At an emergency relief centre run by Oxfam to the west of Dire Dawa near the Somali border, several hundred people were queueing for grain. One frail old man with a large crooked stick rested on a sack he’d managed to drag away from the throng. Spotting my microphone, a jostling crowd of mainly mothers and young children pushed forward to tell their stories. I asked one man whether he was hopeful that things would get better. He was not.

But drive for less than half hour back towards the capital and you find water rushing down from the mountains above. A group of farmers were singing and sytheing their way through fields of crops, fearing their harvest could soon be spoiled by rain, as thick white clouds filled the sky. Drive on just a little further, the singing stops, and the ground, once again, crumbles to dust beneath your feet.

At a small clinic in the province of Orimiya, south of Addis Ababa, a baby was crying - not because of lack of water, but because it was in pain, suffering from a disease that could be cured by drugs. But these cost money. Most people here don’t have much of that after being forced to sell their animals during the height of the drought to buy seeds for crops that failed. In an area where malaria is becoming an ever bigger problem, such poverty can be fatal. I spoke to theDoctor who runs the clinic: “we still have a shortage of medicine - especially emergency drugs,” he said.I asked him what people did when they needed treatment. He explained that they had to get drugs from private pharmacies: that many died as a result of malnourishment, because they had to sell their crops to buy drugs. “Malnourishment among children under five in this area is almost 80%, so if these people get a disease their only choice they have is to die."

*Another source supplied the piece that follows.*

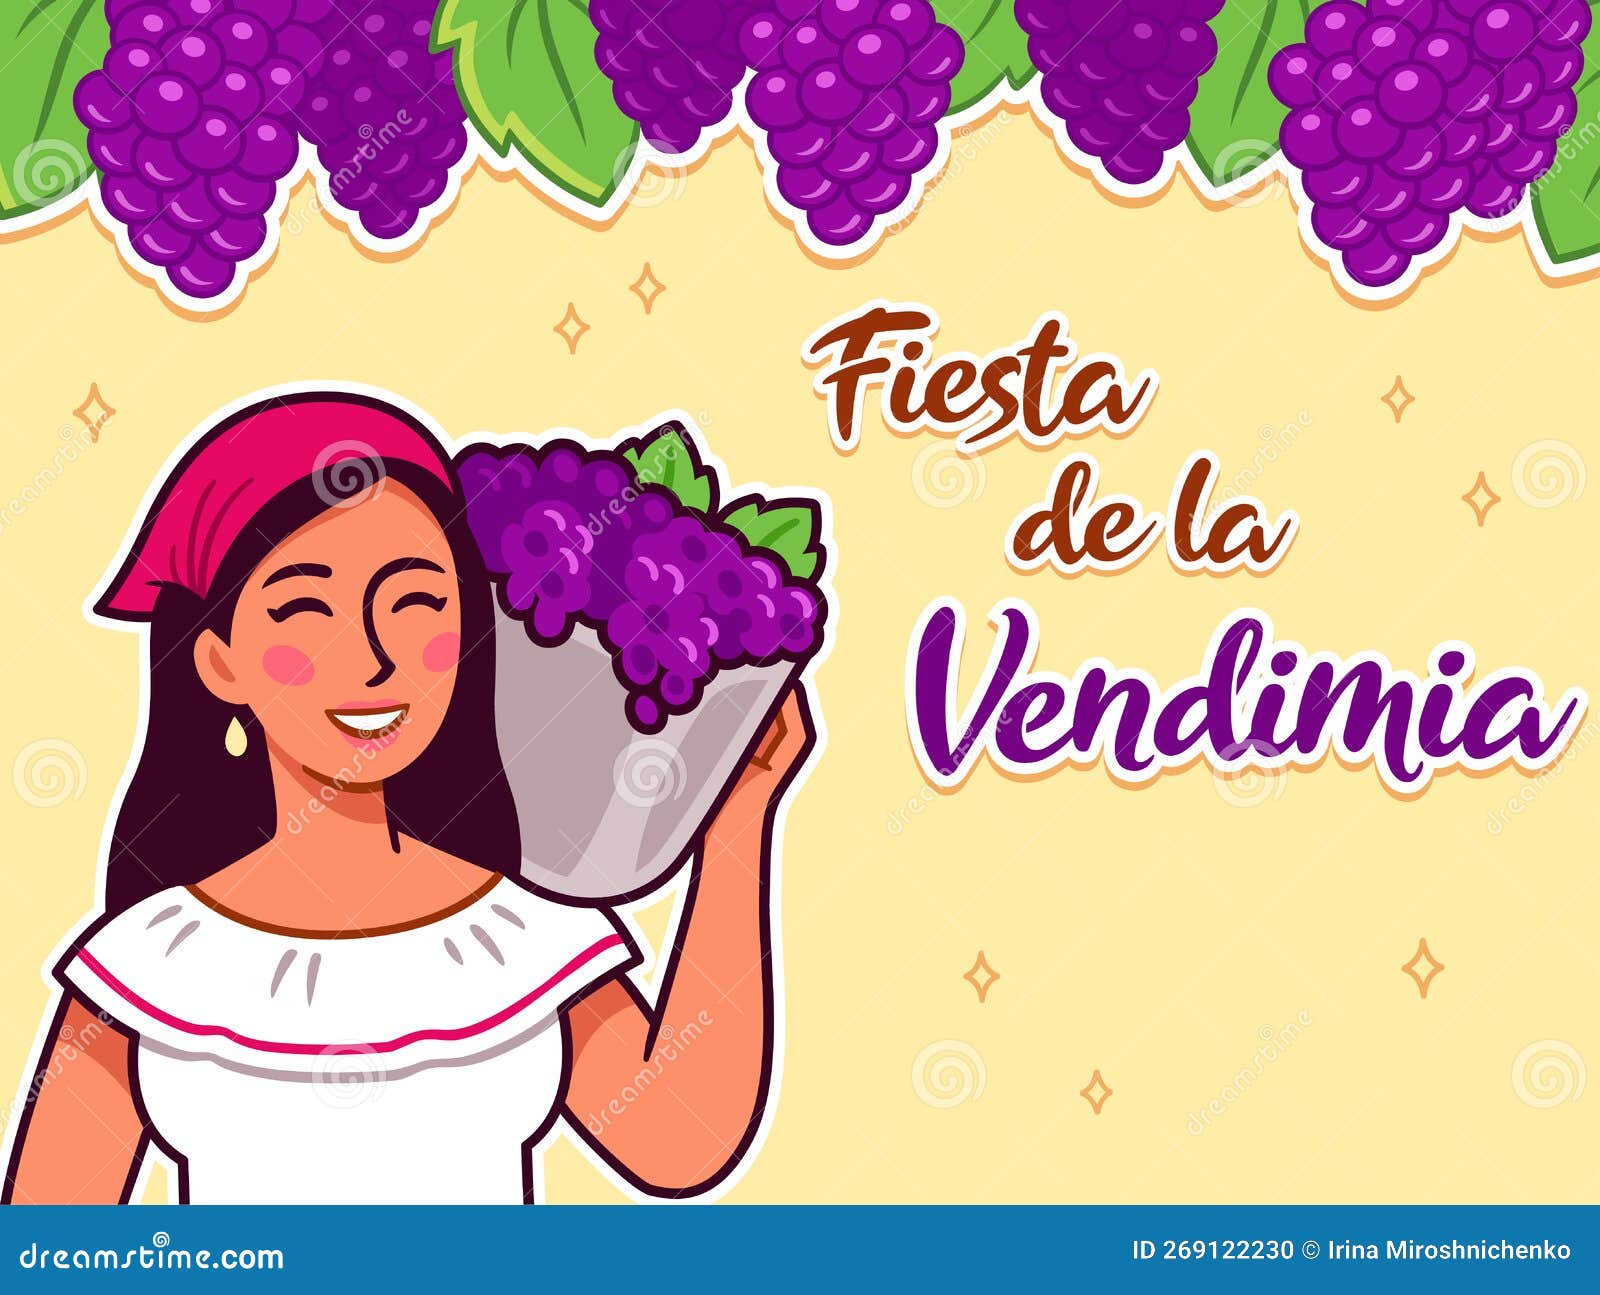 fiesta de la vendimia grape harvest festival

A typical family in this area, as in many other parts of Ethiopia, has six or seven children. The population is soaring by three per cent a year, but there’s no such increase in the amount of arable land or food to eat. This greatly worries Martti Ahtisaari, the UN Secretary General’s special envoy for the Humanitarian Crisis in the Horn of Africa. "In the past there was one drought every seven to ten years. Now there is one nearly every year, or every second year. They have become much more frequent, and there is very little that one can do, except to be more prepared.”

This opinion is shared by the Ethiopian Economic Policy Research Institute. It’s Director, Dr. Berhanu Nega, says that if current trends continue things may soon go from bad to very bad indeed: "The number of people that need continuous help even under good rain conditions is now about 6 million, which was the peak of the famine in 1984 / 85, and during drought years like last year this figure is increased to 14 million,” he explained. “If we look at this trend closely, over time, our predictions show by 2028 you'd have something like 50 million people affected. This would fundamentally change what is happening in Ethiopian culture: a disaster is bound to come."